I'd just found out that an acquaintance of mine, from a while back, died. We weren't close, but we were definitely very friendly. While I'm very sad to find this out, I'm not overcome with grief. It does have me introspective about various bits of my own life, and how I'd let people know that I've died.
I've lived in a lot of places, and many people I only keep in touch with through e-mail or chat programs. Others still I've never met in my life, but I've known so long from the internet that I consider them as good as any friend I've been with in flesh and blood. Some even better. Technology has let me trade car stories with an Australian miner in Perth, talk about Dr. WHO and Sci Fi movies with a welsh gal who makes her own chainmail. And jabber on about nothing with a pair of Kuwaiti sisters who speak better English than I do! Not to mention all the people I keep in contact with here and in the states. The list goes on - the internet has let us internationalize our contacts.
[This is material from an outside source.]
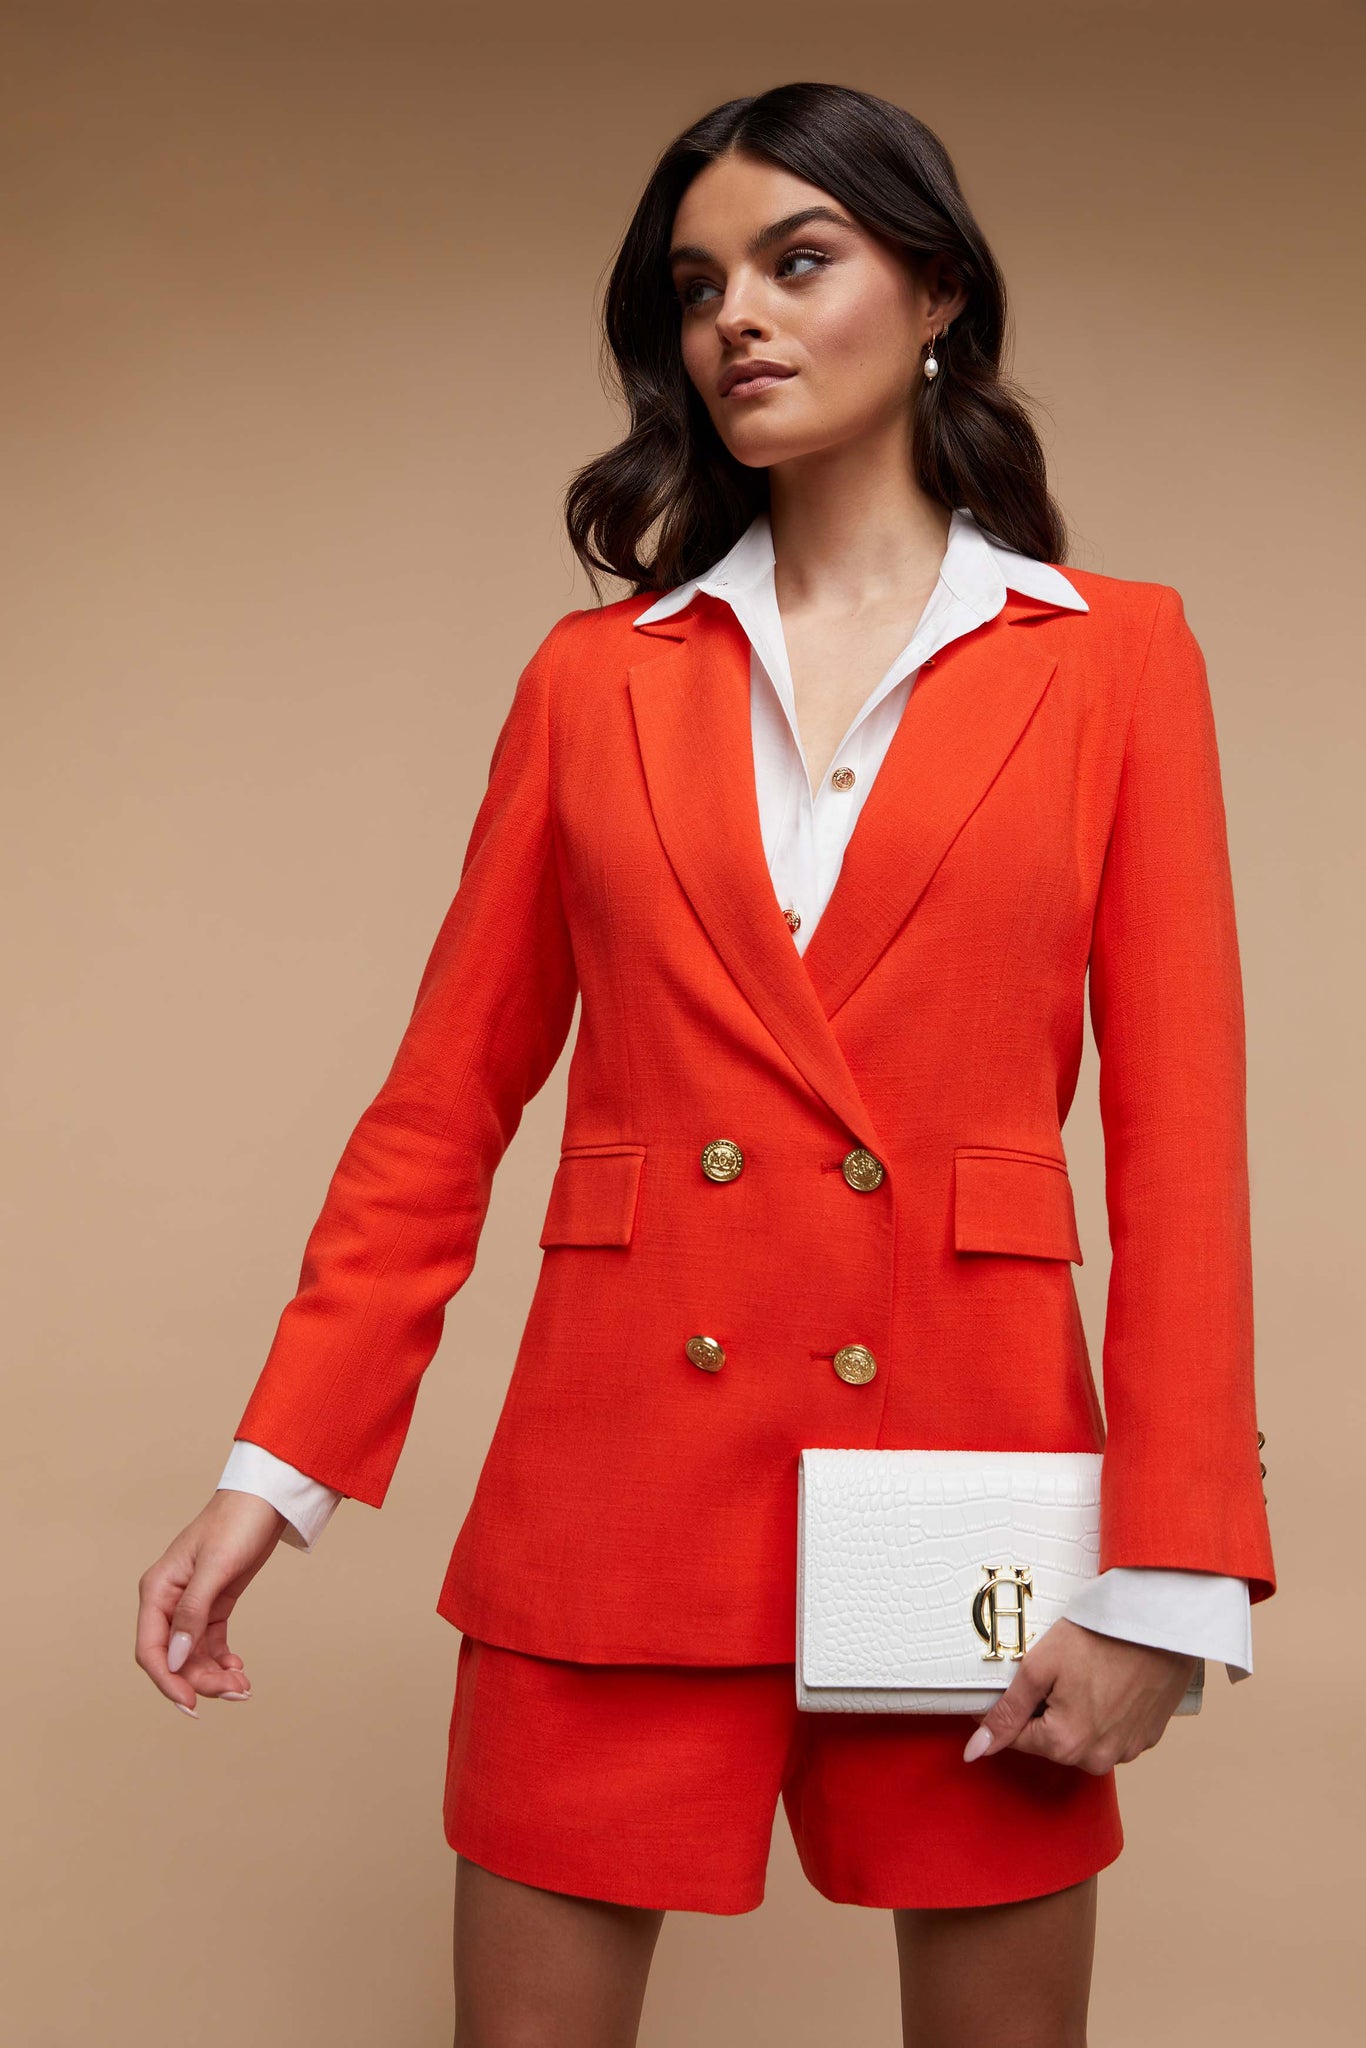 double breasted linen blazer in orange with two hip pockets and gold button detials down front and on cuffs and handmade in the uk 
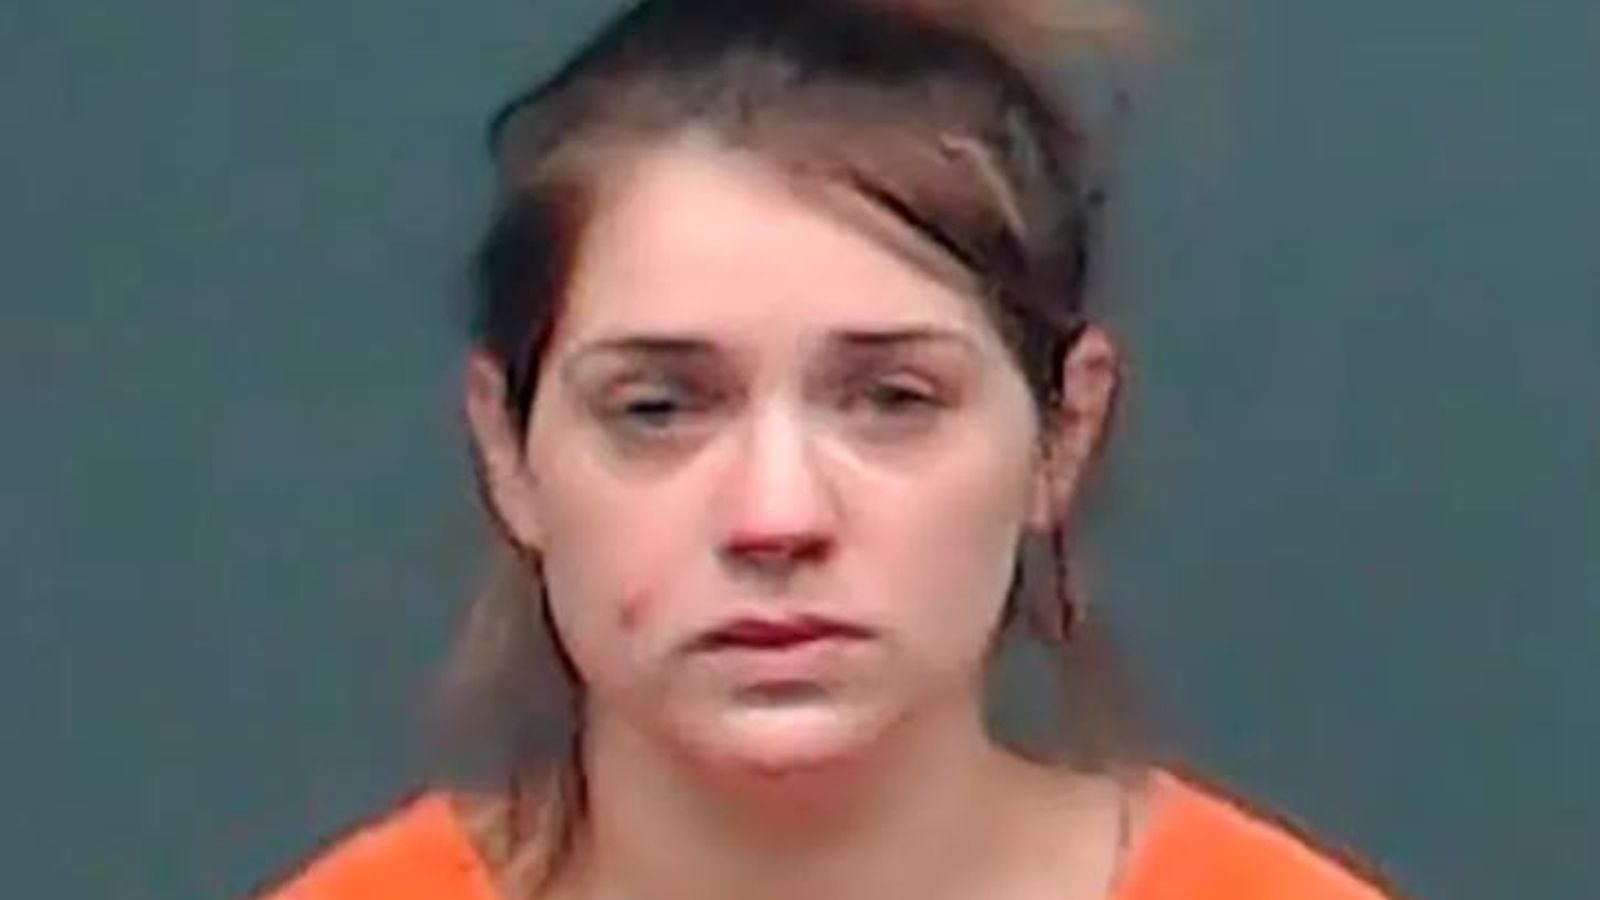 Texas: Woman convicted of killing 21-year-old mother-to-be and cutting baby from her womb

But the down side to this is, if any of them where to die, how would I find out? I would want to find out - some of these people I like a lot. And if I were to die, how would they find out? I'd just be another person who disappears into silence on the web. A few emails would go unanswered, and then maybe a few people would try to call me. After getting my voicemail, or a disconnected line, there's not much else many could do. When you're dead, you can't update facebook saying 'Hi guys, nice knowing you. Thanks for all the good times.'
How can we fix this problem?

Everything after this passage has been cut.